Cochlear damage caused by continuous and intermittent noise exposure.

We compared the extent of permanent threshold shifts (PTS) and cochlear hair cell damage caused by continuous noise exposure with those caused by intermittent noise exposure. Twenty male pigmented guinea pigs that had been exposed to a one-octave band of noise at 4 kHz for 5 h were placed in four groups: exposure to 115 dB SPL continuous noise (group 1, n=5), 115 dB SPL intermittent noise (group 2, n=5), 125 dB SPL continuous noise (group 3, n=5), and 125 dB SPL intermittent noise (group 4, n=5). PTS at 2, 4, 8, and 16 kHz were assessed by means of auditory brainstem responses measured before noise exposure and 10 days after.

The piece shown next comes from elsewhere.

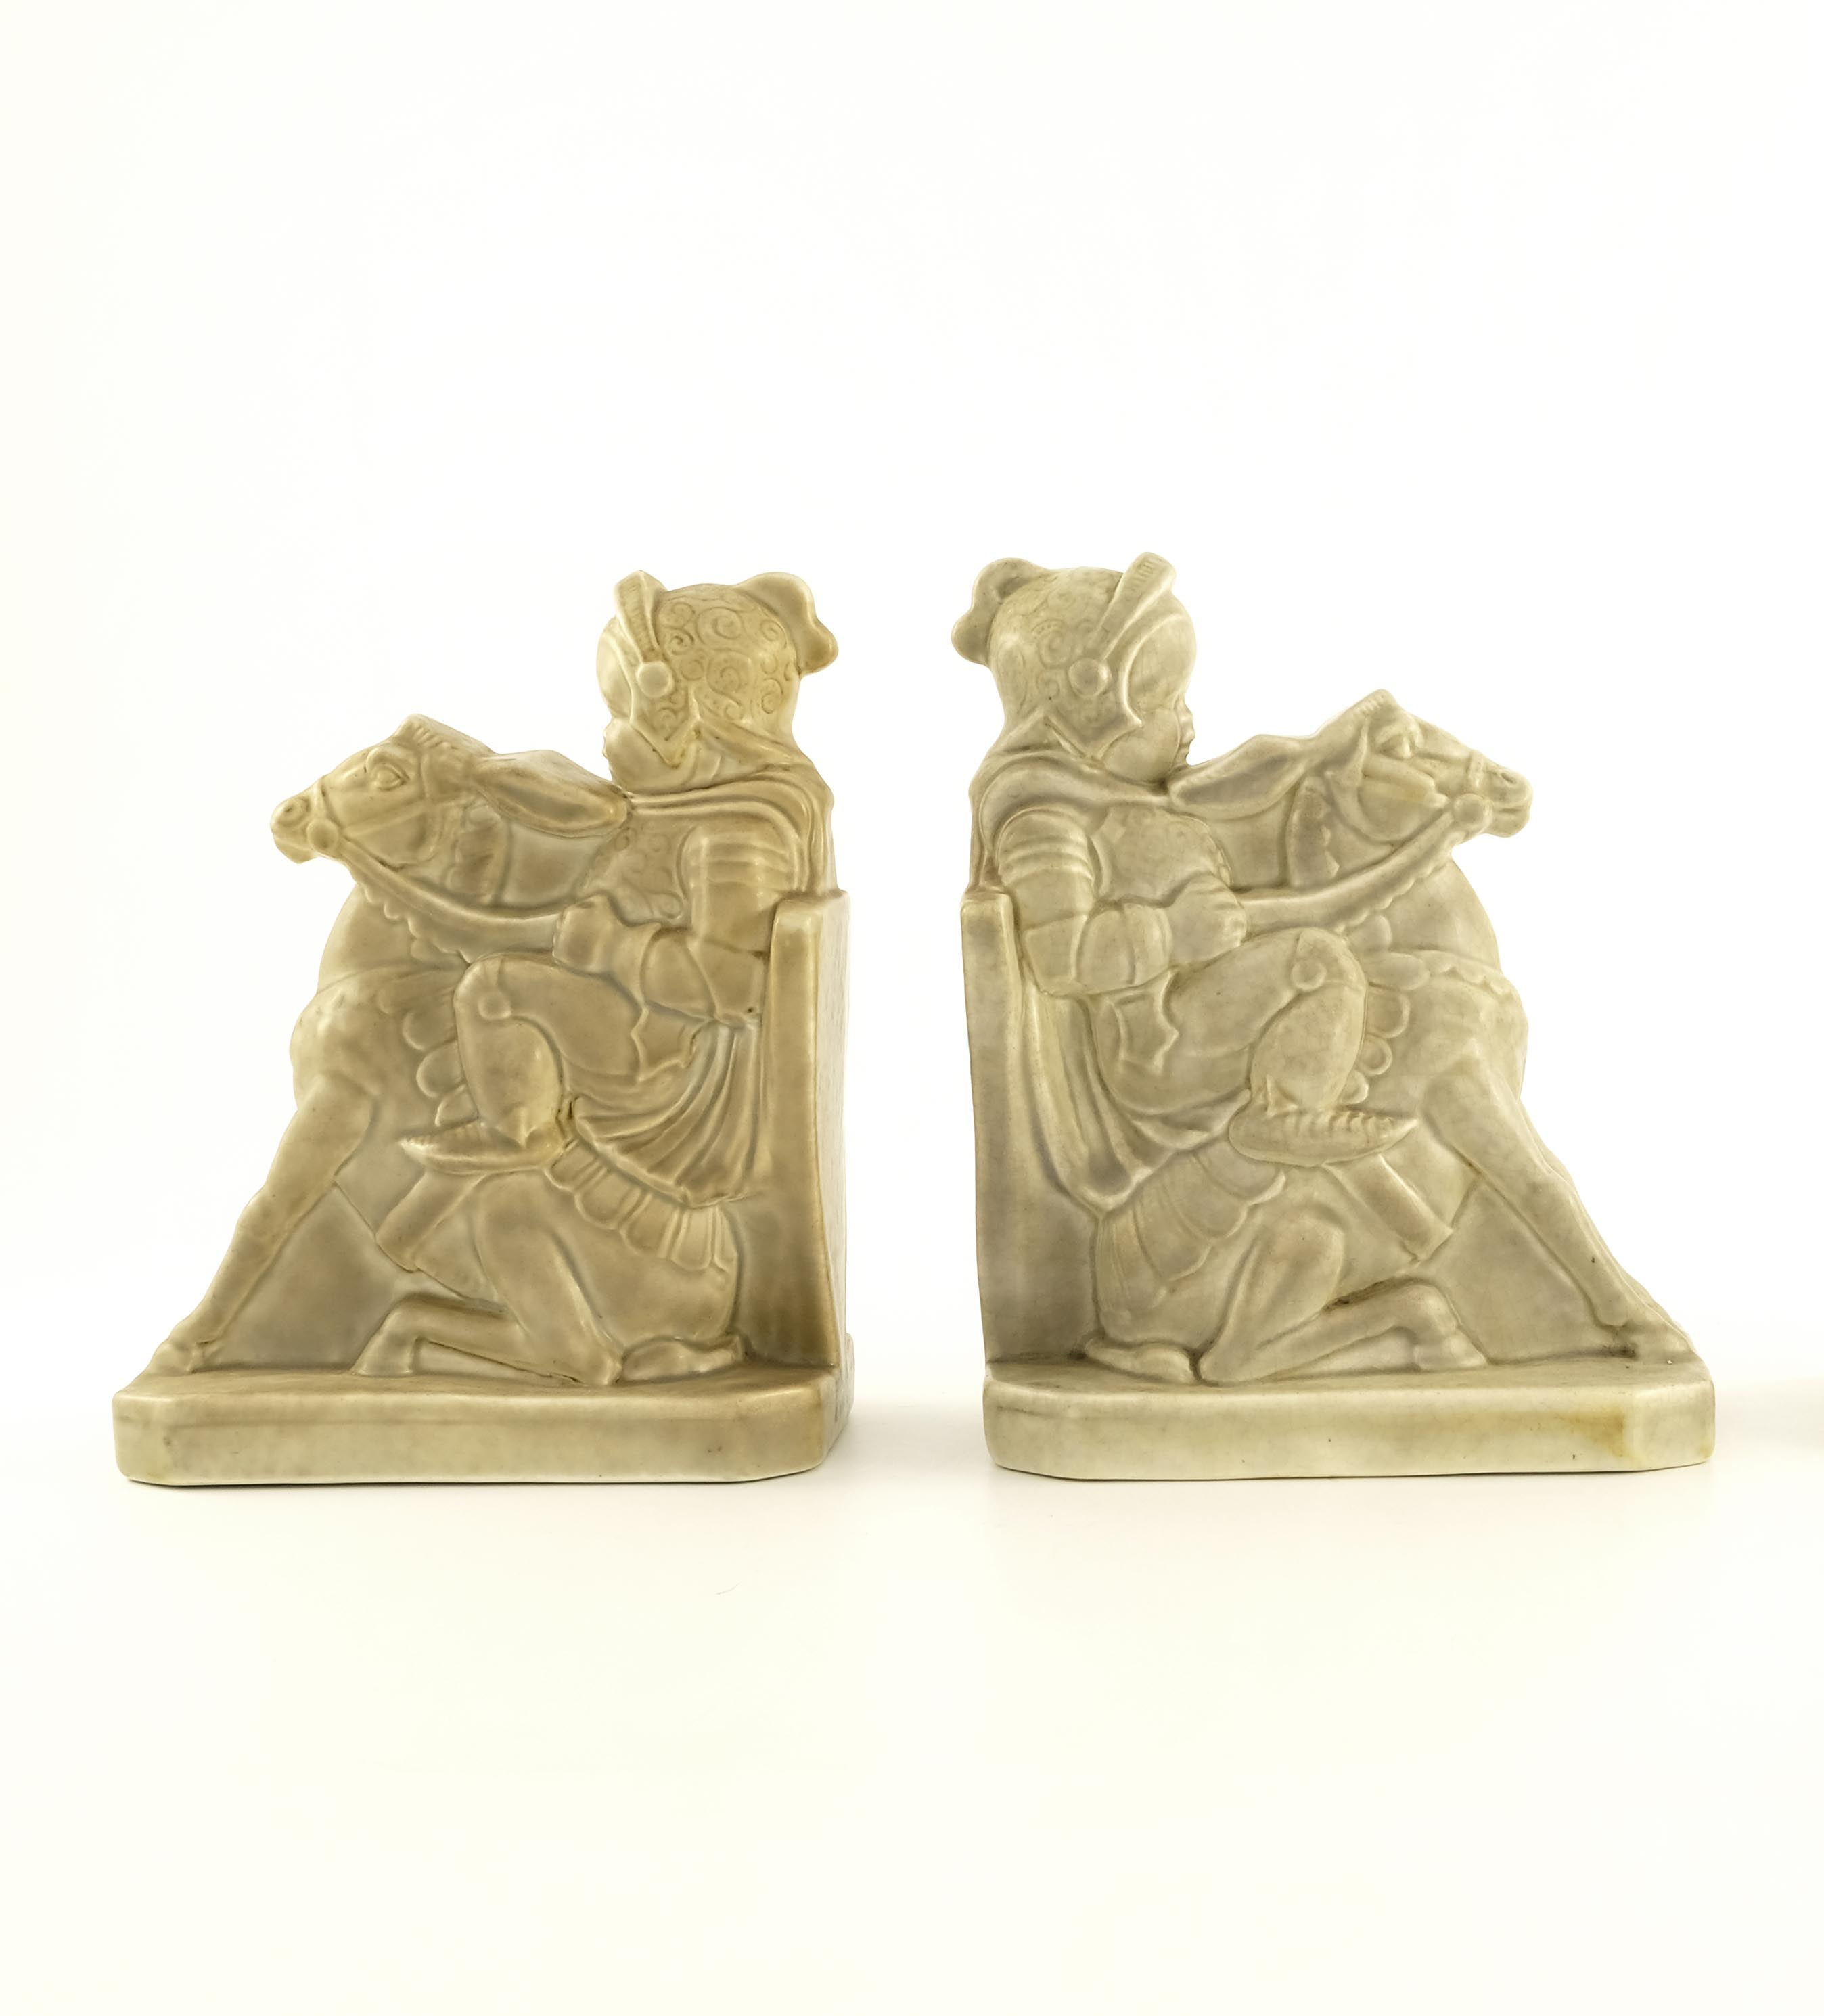 David Evans for Pilkington, a pair of Royal Lancas - Image 10 of 10

The guinea pigs were killed 15 days after noise exposure, and the number of hair cells missing counted in surface preparations of the organs of Corti stained with rhodamine phalloidin. Groups 1 and 3 had significantly greater PTS (P<0.05) at all frequencies than intermittent groups 2 and 4. Group 3 had the greatest PTS at all the frequencies. Intermittent 125 dB noise total energy was greater than that of continuous 115 dB noise, but the latter elicited more PTS than the former. The extent of hair cell damage was comparable to the physiological findings. This indicates that continuous noise causes greater damage to the cochlea than intermittent noise of the same intensity and that, at the intensities tested, damage to the cochlea is not proportional to the total noise energy.